** Records for this exercise follows **

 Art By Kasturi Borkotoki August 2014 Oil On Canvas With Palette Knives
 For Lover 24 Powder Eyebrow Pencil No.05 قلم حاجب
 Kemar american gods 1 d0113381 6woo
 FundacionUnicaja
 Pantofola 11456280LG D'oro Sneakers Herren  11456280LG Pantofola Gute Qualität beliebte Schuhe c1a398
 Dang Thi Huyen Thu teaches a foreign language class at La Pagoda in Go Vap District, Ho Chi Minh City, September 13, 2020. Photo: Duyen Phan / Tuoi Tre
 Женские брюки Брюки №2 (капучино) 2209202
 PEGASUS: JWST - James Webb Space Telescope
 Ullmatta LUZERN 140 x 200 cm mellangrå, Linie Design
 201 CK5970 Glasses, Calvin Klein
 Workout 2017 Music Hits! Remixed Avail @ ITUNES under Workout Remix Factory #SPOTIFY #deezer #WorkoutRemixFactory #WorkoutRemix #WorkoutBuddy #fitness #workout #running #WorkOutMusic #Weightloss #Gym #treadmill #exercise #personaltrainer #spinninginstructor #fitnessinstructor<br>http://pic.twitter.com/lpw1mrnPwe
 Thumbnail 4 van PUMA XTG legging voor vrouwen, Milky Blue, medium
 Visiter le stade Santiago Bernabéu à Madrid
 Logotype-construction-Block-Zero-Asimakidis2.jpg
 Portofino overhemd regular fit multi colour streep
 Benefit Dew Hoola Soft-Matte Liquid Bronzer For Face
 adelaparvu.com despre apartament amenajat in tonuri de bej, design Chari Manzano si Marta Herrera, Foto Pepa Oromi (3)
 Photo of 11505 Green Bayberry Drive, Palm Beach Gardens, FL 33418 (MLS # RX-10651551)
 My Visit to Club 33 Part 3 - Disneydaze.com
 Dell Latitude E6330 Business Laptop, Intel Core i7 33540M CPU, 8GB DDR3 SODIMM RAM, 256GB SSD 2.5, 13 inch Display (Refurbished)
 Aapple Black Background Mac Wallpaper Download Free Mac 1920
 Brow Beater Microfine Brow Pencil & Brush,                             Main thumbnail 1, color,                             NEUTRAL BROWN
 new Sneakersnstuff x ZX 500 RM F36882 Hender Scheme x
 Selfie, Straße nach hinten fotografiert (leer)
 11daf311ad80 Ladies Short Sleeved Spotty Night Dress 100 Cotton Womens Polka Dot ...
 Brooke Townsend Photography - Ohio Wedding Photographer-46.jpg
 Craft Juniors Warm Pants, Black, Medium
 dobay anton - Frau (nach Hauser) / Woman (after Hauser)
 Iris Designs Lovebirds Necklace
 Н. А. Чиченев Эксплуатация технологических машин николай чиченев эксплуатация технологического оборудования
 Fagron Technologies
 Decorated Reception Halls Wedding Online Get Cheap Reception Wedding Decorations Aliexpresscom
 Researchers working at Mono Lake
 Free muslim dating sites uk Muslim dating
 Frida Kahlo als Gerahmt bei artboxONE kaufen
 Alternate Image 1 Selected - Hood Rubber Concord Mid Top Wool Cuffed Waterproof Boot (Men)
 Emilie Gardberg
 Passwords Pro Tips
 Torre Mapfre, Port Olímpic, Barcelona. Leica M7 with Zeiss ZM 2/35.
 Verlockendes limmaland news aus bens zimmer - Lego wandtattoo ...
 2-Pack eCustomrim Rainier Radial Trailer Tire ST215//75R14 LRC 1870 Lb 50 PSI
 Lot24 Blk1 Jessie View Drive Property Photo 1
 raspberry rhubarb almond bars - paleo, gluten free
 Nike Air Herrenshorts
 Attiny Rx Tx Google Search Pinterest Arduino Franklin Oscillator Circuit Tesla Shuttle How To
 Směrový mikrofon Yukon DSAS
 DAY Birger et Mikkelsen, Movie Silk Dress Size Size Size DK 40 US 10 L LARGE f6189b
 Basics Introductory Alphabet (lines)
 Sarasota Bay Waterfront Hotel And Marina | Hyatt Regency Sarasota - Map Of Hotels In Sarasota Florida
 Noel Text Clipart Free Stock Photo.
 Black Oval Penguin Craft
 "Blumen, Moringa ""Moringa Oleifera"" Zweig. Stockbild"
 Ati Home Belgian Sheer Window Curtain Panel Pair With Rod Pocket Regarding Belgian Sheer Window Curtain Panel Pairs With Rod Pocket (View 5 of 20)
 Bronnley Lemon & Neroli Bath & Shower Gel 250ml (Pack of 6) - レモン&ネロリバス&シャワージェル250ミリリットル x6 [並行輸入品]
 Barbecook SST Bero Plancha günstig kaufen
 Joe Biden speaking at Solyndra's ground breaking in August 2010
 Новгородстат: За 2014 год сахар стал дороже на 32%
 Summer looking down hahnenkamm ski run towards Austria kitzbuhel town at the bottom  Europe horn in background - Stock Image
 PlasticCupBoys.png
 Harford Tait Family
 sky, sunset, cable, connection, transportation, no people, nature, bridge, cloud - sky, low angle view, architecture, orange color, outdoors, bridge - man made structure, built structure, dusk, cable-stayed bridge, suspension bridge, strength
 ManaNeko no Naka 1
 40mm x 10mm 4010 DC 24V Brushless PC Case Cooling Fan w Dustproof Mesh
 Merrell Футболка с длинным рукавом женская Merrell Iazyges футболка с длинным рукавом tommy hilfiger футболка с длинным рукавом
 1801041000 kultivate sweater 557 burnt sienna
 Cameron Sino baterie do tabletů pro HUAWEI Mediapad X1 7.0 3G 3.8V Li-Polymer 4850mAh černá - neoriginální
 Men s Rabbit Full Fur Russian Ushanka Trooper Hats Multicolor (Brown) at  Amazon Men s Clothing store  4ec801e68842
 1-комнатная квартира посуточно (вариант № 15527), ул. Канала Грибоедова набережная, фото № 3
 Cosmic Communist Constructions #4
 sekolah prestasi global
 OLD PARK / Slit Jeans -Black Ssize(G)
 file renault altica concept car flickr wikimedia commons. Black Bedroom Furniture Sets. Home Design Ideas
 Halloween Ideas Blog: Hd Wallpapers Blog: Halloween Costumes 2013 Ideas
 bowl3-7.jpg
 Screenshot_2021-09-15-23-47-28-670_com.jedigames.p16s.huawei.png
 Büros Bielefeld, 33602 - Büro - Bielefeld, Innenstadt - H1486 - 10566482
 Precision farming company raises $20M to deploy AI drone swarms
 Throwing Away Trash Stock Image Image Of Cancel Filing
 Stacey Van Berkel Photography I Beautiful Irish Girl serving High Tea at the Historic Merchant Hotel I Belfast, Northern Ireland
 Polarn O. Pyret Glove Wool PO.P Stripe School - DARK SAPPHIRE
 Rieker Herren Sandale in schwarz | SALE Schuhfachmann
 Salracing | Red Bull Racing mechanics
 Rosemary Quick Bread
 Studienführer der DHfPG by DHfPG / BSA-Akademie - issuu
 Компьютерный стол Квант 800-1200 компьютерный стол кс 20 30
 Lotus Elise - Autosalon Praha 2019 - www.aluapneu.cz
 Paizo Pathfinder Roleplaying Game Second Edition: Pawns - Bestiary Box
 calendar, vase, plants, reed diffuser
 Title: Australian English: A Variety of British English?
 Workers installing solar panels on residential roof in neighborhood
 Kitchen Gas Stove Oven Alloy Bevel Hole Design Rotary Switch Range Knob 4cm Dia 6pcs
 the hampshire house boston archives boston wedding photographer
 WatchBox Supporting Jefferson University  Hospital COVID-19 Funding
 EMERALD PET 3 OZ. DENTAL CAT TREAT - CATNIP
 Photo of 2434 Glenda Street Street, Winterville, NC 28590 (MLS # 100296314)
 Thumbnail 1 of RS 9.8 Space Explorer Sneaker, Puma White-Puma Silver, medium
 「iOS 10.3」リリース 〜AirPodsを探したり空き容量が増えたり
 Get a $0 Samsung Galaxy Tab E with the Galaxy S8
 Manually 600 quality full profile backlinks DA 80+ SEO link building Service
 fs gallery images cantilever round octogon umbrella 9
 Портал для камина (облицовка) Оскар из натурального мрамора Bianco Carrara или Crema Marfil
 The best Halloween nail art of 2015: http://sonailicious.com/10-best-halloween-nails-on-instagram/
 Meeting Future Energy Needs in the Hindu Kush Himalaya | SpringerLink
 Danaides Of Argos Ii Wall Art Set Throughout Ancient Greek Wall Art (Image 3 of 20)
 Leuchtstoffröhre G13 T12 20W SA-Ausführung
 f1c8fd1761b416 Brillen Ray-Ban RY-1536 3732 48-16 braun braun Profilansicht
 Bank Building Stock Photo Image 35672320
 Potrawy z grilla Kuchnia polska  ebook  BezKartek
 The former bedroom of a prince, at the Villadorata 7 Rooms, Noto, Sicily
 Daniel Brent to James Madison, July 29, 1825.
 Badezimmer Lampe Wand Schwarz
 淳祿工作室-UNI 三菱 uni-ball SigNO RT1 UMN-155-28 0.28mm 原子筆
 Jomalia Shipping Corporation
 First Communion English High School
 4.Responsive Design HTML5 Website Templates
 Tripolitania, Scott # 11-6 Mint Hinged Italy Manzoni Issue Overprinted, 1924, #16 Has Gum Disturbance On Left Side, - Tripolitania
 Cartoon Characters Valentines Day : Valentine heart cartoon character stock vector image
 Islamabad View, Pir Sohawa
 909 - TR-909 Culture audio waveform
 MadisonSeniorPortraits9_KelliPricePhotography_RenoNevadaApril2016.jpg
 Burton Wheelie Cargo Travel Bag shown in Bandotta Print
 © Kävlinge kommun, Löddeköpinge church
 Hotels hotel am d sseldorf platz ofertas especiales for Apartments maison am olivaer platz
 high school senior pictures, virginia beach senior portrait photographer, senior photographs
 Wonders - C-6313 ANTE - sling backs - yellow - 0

** End of Records for this exercise **

◆ What is being asked:
Taking the records above, retype every line from the one with "Stacey Van Berkel" down to the one with "Meeting Future Energy", exactly and with nothing else.

◆ Answer box:
 Stacey Van Berkel Photography I Beautiful Irish Girl serving High Tea at the Historic Merchant Hotel I Belfast, Northern Ireland
 Polarn O. Pyret Glove Wool PO.P Stripe School - DARK SAPPHIRE
 Rieker Herren Sandale in schwarz | SALE Schuhfachmann
 Salracing | Red Bull Racing mechanics
 Rosemary Quick Bread
 Studienführer der DHfPG by DHfPG / BSA-Akademie - issuu
 Компьютерный стол Квант 800-1200 компьютерный стол кс 20 30
 Lotus Elise - Autosalon Praha 2019 - www.aluapneu.cz
 Paizo Pathfinder Roleplaying Game Second Edition: Pawns - Bestiary Box
 calendar, vase, plants, reed diffuser
 Title: Australian English: A Variety of British English?
 Workers installing solar panels on residential roof in neighborhood
 Kitchen Gas Stove Oven Alloy Bevel Hole Design Rotary Switch Range Knob 4cm Dia 6pcs
 the hampshire house boston archives boston wedding photographer
 WatchBox Supporting Jefferson University  Hospital COVID-19 Funding
 EMERALD PET 3 OZ. DENTAL CAT TREAT - CATNIP
 Photo of 2434 Glenda Street Street, Winterville, NC 28590 (MLS # 100296314)
 Thumbnail 1 of RS 9.8 Space Explorer Sneaker, Puma White-Puma Silver, medium
 「iOS 10.3」リリース 〜AirPodsを探したり空き容量が増えたり
 Get a $0 Samsung Galaxy Tab E with the Galaxy S8
 Manually 600 quality full profile backlinks DA 80+ SEO link building Service
 fs gallery images cantilever round octogon umbrella 9
 Портал для камина (облицовка) Оскар из натурального мрамора Bianco Carrara или Crema Marfil
 The best Halloween nail art of 2015: http://sonailicious.com/10-best-halloween-nails-on-instagram/
 Meeting Future Energy Needs in the Hindu Kush Himalaya | SpringerLink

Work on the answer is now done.